There will be a cattle drive in downtown Wichita tonight as part of the Sundown Parade at Riverfest. Los Angeles-based artist Wayne White has created lively steers, cowboys and other familiar characters from Wichita’s history. KMUW’s Sean Sandefur got to see the artist at work…

Artist Wayne White walks through a sea of cardboard at Harvester Arts in Wichita's Old Town neighborhood. Some of the cardboard is assembled into stylized cartoon creatures; some of it is discarded on the floor, with jagged angles and dusty footprints.  

A dozen or so masks made to resemble cows and steers will be showcased in Friday's Sundown Parade.

Credit Sean Sandefur

“They’re part of a tableau I’m doing for the parade of a cattle drive,” White says.

White himself doesn’t look far off from a farm. He wears a navy blue jumpsuit and a maroon trucker’s hat. His pale blue eyes pierce through a face half-covered in a bushy, salt-and-pepper beard.

Also in the parade will be a larger-than-life Carrie Nation “chasing a whiskey bottle,” White says, though her puppet version hasn’t quite taken shape yet. The pioneer prohibitionist is just a big black dress with a surly-looking face on the floor beside it.

To find inspiration for these puppets, White looked to Wichita’s history.

“I love cowboys,” he says. “The story of Carrie Nation is irresistibly comic and perfect for puppet hijinks. I sort of went with the obvious things, just because I wanted to. I could've gone more political or idiosyncratic, but I went with the big topics. Everybody loves them, and I do too.”

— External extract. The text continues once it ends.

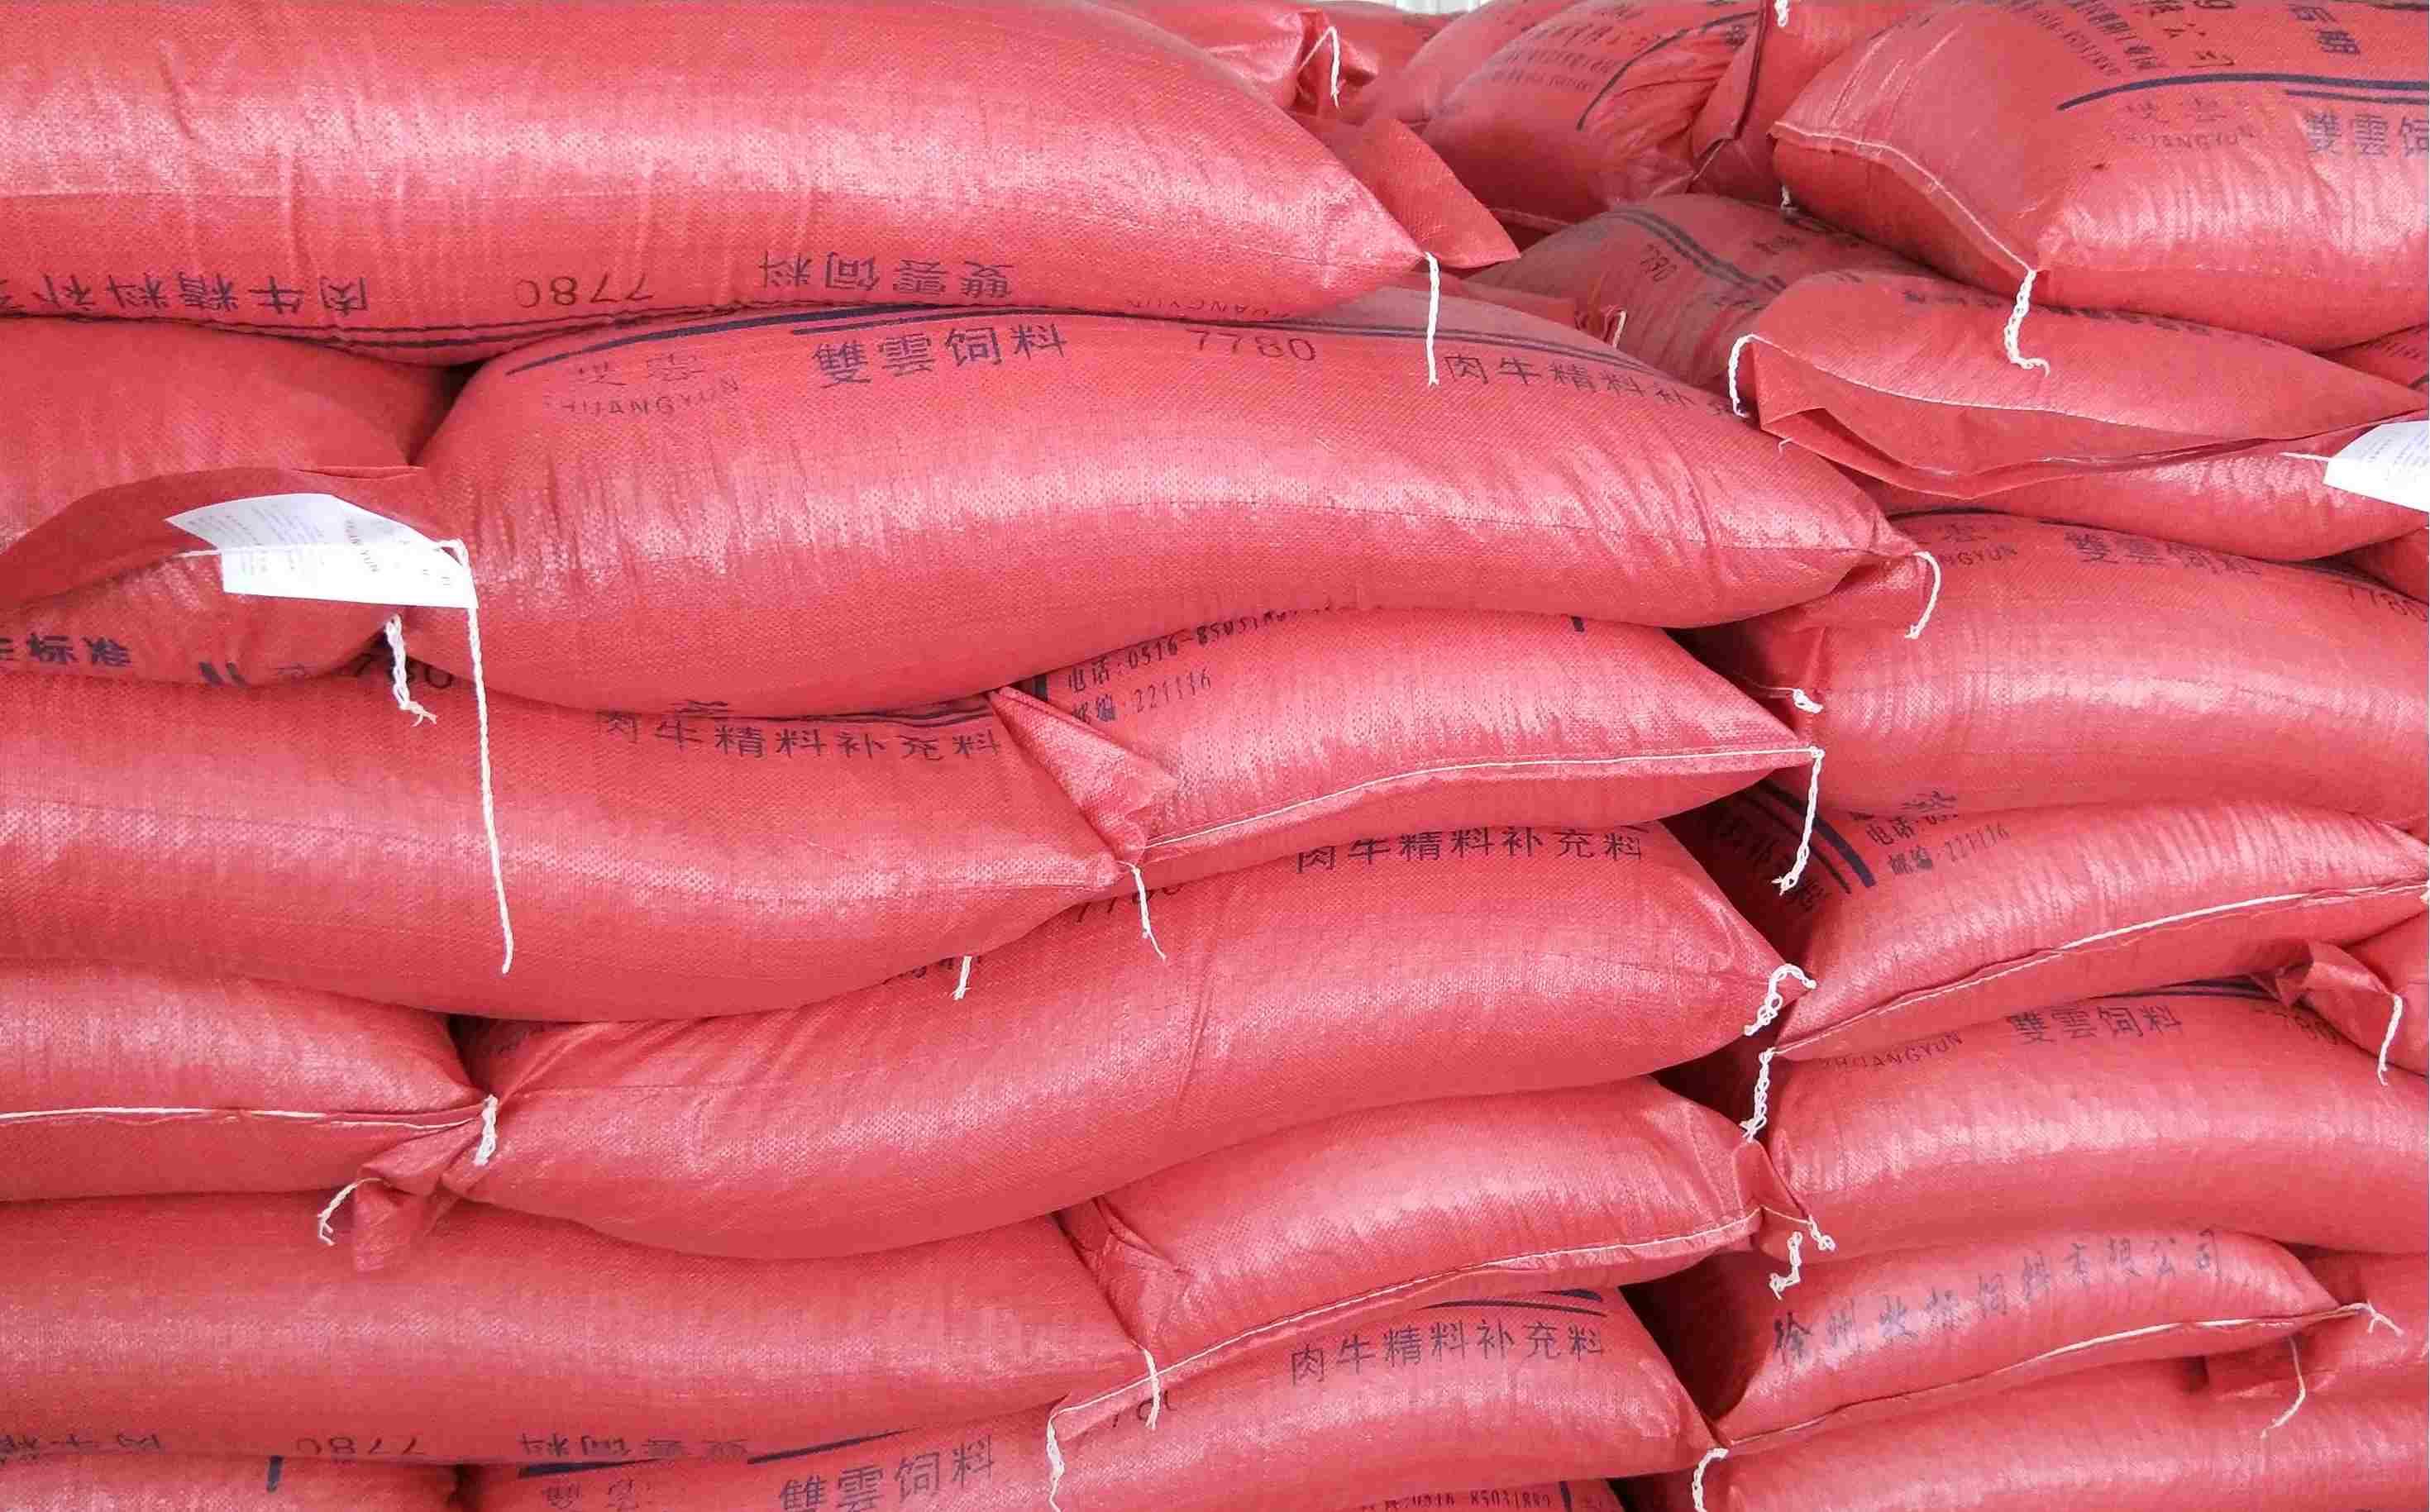 黑龙江肉牛精料补充料_价格实惠的育肥后期肉牛精料补充料徐州哪里有

White is Riverfest’s first artist in residence. His 10-day work-stay is sponsored by Wichita State University, Wichita Festivals and Harvester Arts, a nonprofit that provides gallery and studio space for local artists.

Credit Sean Sandefur

White is collaborating with many of these local artists to create the cardboard puppets like Carrie Nation.

Cardboard is a "great, cheap material," White says of the medium.

“It’s not the most permanent stuff in the world," he says, "but I have a lot of tricks and techniques that I can use to make it look like a million bucks.”

White wears his humor on his sleeve. With the kind of work he does, a boisterous inner child is needed. But there’s a mad genius also in there somewhere. Now pushing 60, White became well known in the late 1980's for the puppets and sets he created for the "children’s" TV show “Pee-Wee’s Playhouse.” He even voiced a Beatnik singer named Dirty Dog.

“It was the greatest job in the world, knowing that you could be completely creative and knowing that unfettered creativity was creating a national phenomenon,” White says. “The two together are a powerful stimulant for a young artist. There’s no better feeling in the world than knowing you’re on top of your game and everybody’s paying attention to you.”

White won three Emmys for his work on the show, and his success allowed him to the freedom to pursue another one of his passions: painting.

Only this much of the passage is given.